Now, unless this is the first time you’ve ever read my site, you’re probably quite aware that I’m not a feminist. That’s not to say I’m anti-woman, think them incapable, or believe them to be lesser than men. I don’t believe any of those things. What I do believe is that modern feminism in the West is poisonous, dishonest, and not something I would ever want my name attached to.

Now, does Lily James feel the same way as Anita Sarkeesian or some goofball like Jessica Valenti? Well, I couldn’t say, because she didn’t really go into detail there. But, even if it turned out that she did, it wouldn’t ruin my affinity for her acting. When I evaluate an artist, I try to strictly look at the actual art they’re putting out. If it’s good, then it’s good. Their personal beliefs and political positions don’t enter into the equation.

I take it even further. For example, I love Woody Allen’s work, especially his old stuff. Some people consider him a deviant unworthy of patronage due to his personal conduct. That’s another factor that I try to avoid entering into my evaluations. (Plus, I remember him getting slimed by talking head feminists, but that’s a story for another day.)
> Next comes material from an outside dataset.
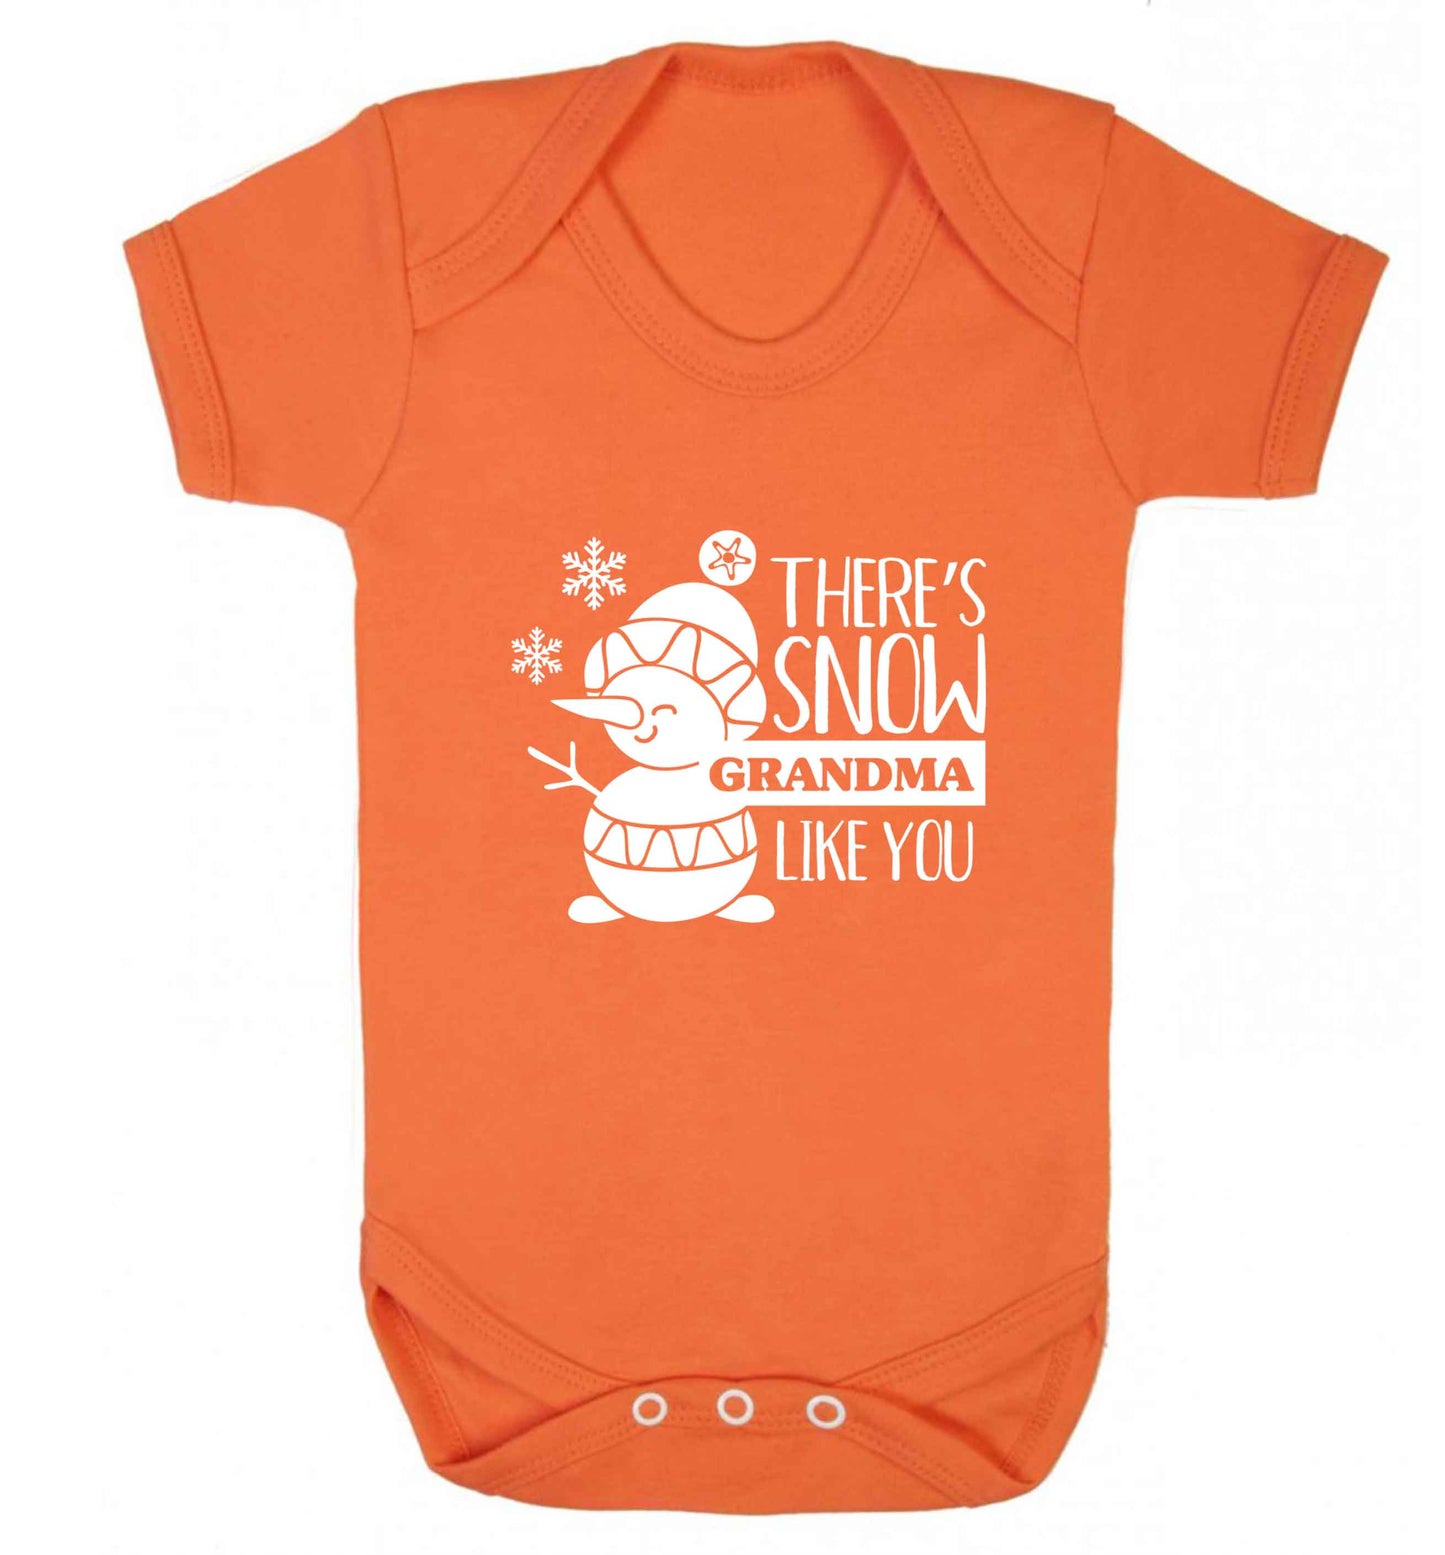 There's snow grandma like you baby vest orange 18-24 months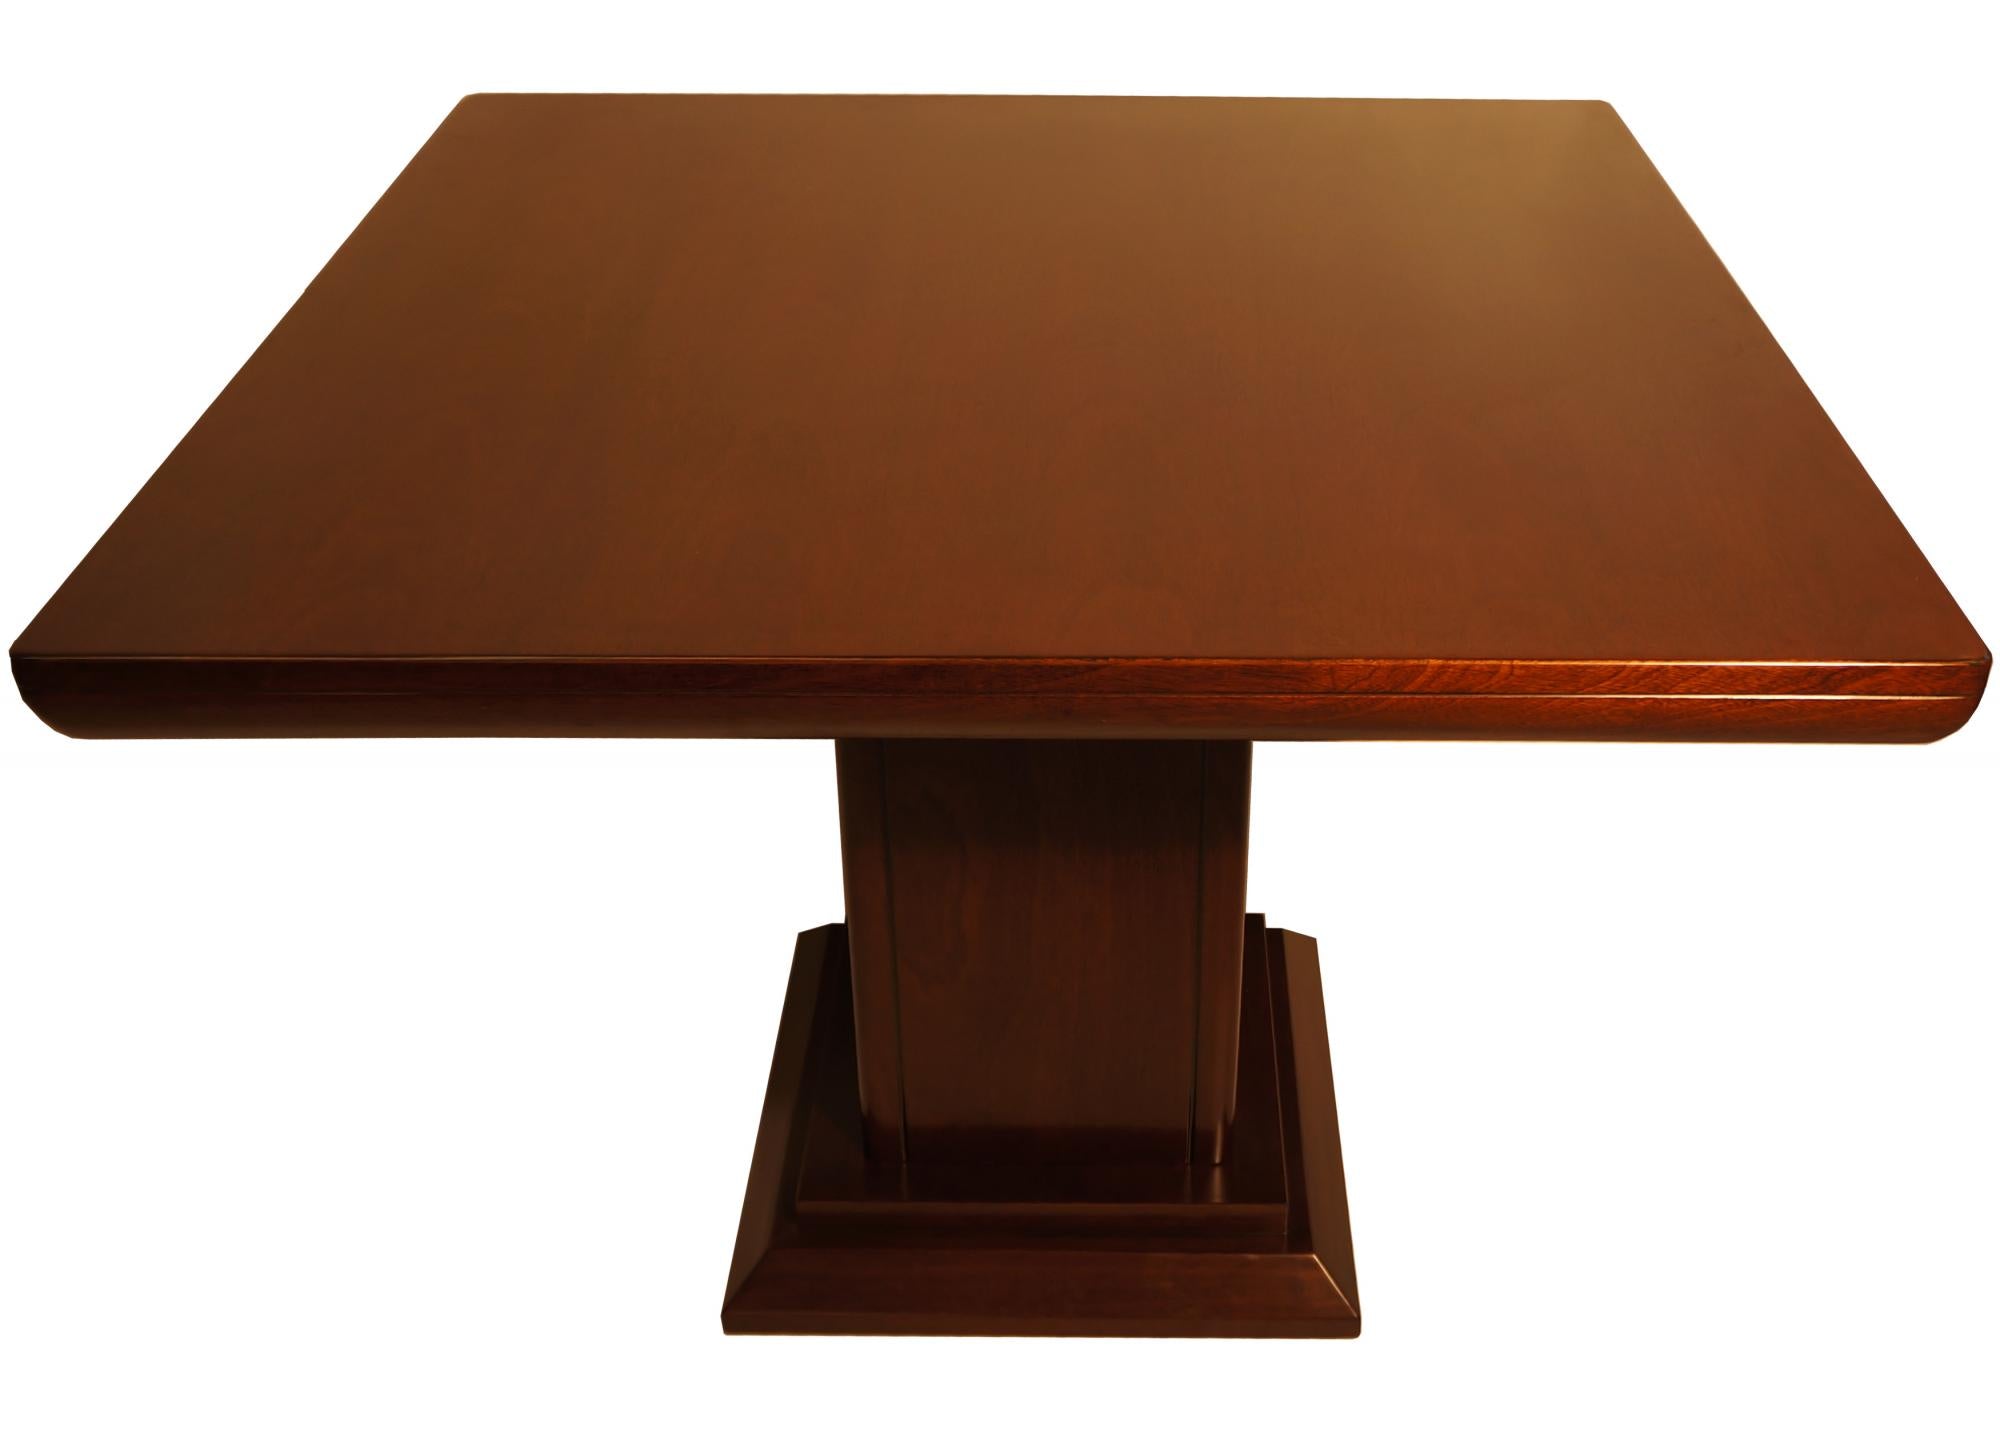 Square Meeting Table One Central Leg - LAT-MET-KT0911

Not everyone feels this way, though. In fact, I’ve heard it argued that supporting someone like Allen is immoral. I’ve also seen people who agree with me on feminism turn around and chastise me for supporting someone similar to Lily James, or for enjoying the new Star Wars movie.

How do you feel about this sort of thing? Am I right or are those that disagree with me right? I’ve been thinking about writing this post for a few weeks now and I’m interested to hear what the response to it is. Don’t hold back if you happen to disagree. I respect it if you do. I just wanted to get some more opinions on this issue. 

I’ll be back in a little while with more standard fare.

  1. An artist’s personal politics I can ignore, but if the work itself is infested with SJW bullshit that’s another matter. Then again, I definitely support spreading awareness about the SJW bullshit artists put out so potential customers can make an informed decision about how to spend their money.

    1. Agreed.

      It’s important to make a distinction between the artist’s beliefs and their work…when this is possible and/or the artist in question allows such a distinction to exist. (There is indeed a difference between these two cases; some works of art draw directly from the essence of an artist–their experiences, their hopes, their likes, their loves, their dislikes, their hates, their beliefs–while the production of some other kinds of art don’t involve such derivation, or even need to.)

      When it is not possible to make that distinction/the artist does not make that possible, is a different, two-fold story. On one hand, if their beliefs are the foundation of their work in question, you’ve got to take it or leave it as it is–this is usually an honest case. On the other hand, you can have artists surreptitiously turning their works (or others’–think localization) into insidious ideological vectors.

      The sad thing about the latter case is that many people only care about getting the work of art in the first place, as opposed to not getting it at all, and enjoying it (e.g., the Fire Emblem: Fates localization controversy). As long as they have that, they do not care what they’re being fed–and that’s at least one thing that makes it so insidious.

      (I feel I’ve been rambling–hopefully all that made sense. lol)

    2. That’s what kills me, that these people spend all day on twitter talking about their politics and then they get the idea in their head that everything they do should become a vehicle for those politics.

        1. I wonder if JJ Abrams will address the over-representation of the Jewish people in the Hollywood entertainment industry via his bold new national diversity equivalency policy and fire every other Jew working there in order to achieve true equality.

  2. I think the personal beliefs of people should not taint the products of their professional work but I must admit I have a hard time doing as I preach. Sometimes I learn something about the artist whose work I previously enjoyed and I simply can’t forget about it from that moment on. I guess it’s natural.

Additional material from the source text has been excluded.